The point is (perhaps? At least the relevant one?) is the deadly financial problem of never having working capital that provides the flexibility that keeps one off the spike of usurious interest.
This lady had been sold on long term investments (by her branch XYZ big box bank) in high fee mutual funds with perhaps at best a 5% yr expected value over the long term, while paying off 25% interest rates on credit cards. The scams run on the lower middle class or working class are obscene.
And it is not income. Clearly if these folks can pay these obscene high interest rates, they can afford much more than they have. The problem is that they never understood the idea of having "working capital". I told my friend that her best investment is at least 6 months of living expenses in the bank. As basic as it is, and at such a low margin for error that standard that is, for many it is an alien concept. Her recent issue was a car repair that blew up her budget and started the credit card problem again. With no working capital plus compound interest against, it is like a giant pit metaphorically with wood spikes and lions at the bottom to gobble one up.
So in trading and investing, how can we use this idea? Victor has taught "never get in over ones head" as one of the key tenants of speculation. So how do we manage our cash in our speculations, investments, life's "issues" to have the flexibility to seize opportunities and avoid pit of being bent over a barrel–while still getting a solid return.
Scott Brooks writes:
The problem is deeper than that.
The people that Ed is referring to don't have the mentality to accumulate wealth and get rich.
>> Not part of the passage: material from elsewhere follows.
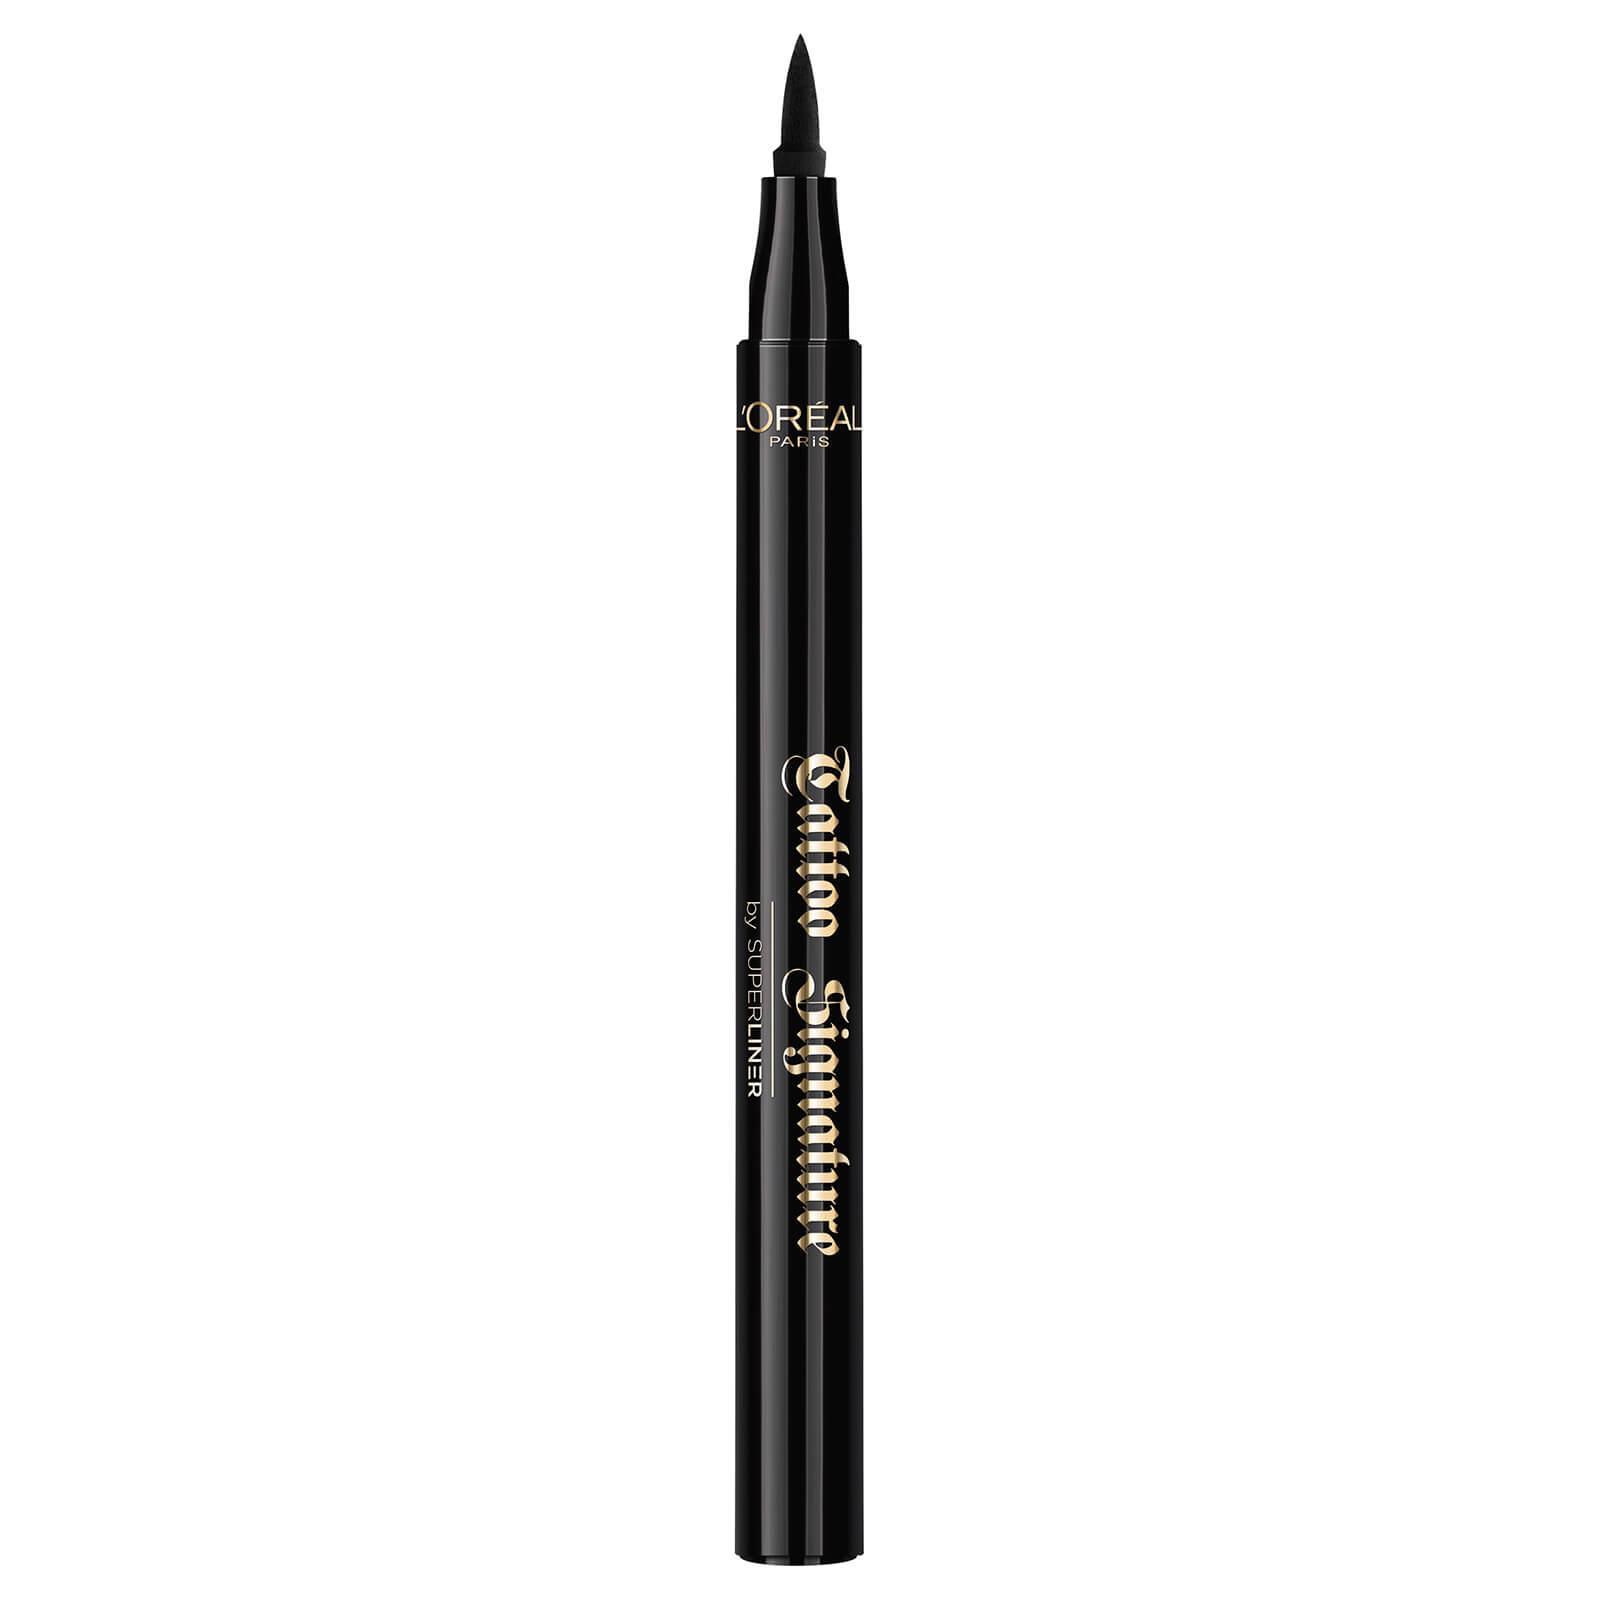 L'Oréal Paris Tattoo Signature 24HR Liquid Eyeliner - 01 Xtra Black 12ml

They are sold on the "here and now" mindset. They go into debt to satisfy the here and now. Something will always come up that will prevent them from succeeding. The only thing they are really good at is coming up with PLE's (Perfectly Legitimate Excuses) to justify their failures.
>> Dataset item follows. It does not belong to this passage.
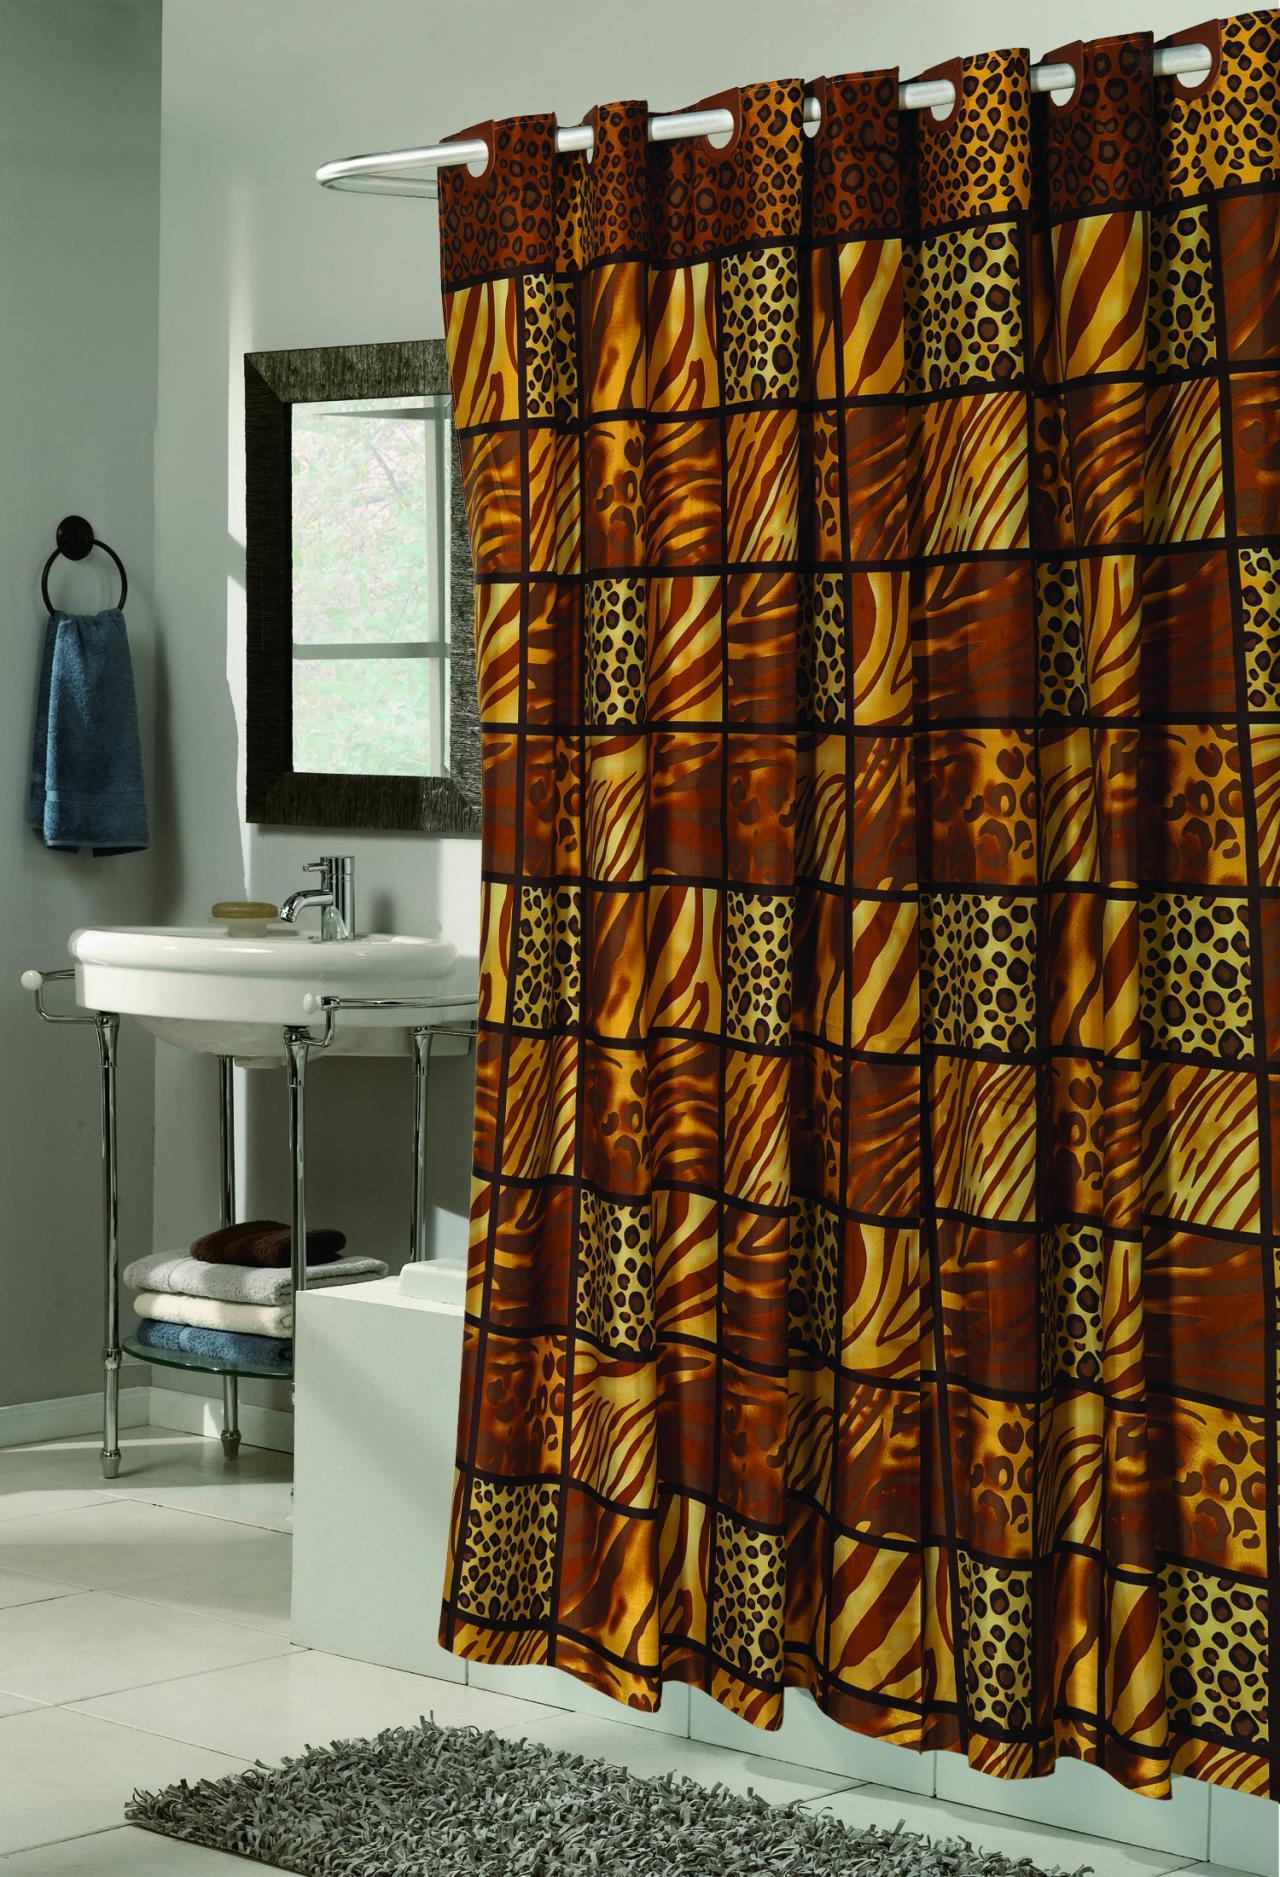 Carnation Home Fashions Inc EZ On Fabric Shower CurtainsNo Hooks Needed

They are defined by their failures.
anonymous writes:
Especially with respect to this site, I would wonder the data and testing behind those assertions. Otherwise, one might consider them to be presumptive, elitist, and uncharitable, with mean-spirited implication. But for the grace of god….
Ed Stewart writes:
"presumptive, elitist, and uncharitable, mean-spirited"
Yes but who cares. I'm guilty of most those things at most times. Is time preference the essence of trading? That might be a more interesting question vs. my original one. Can it be quantified? I think so, as a hypothesis generator. Does it work better than other thought models?
Russ Sears writes:
Sorry, I disagree Scott. Ed is correct, it's a matter of education and coaching. Have a plan, believe in the plan, stick to the plan.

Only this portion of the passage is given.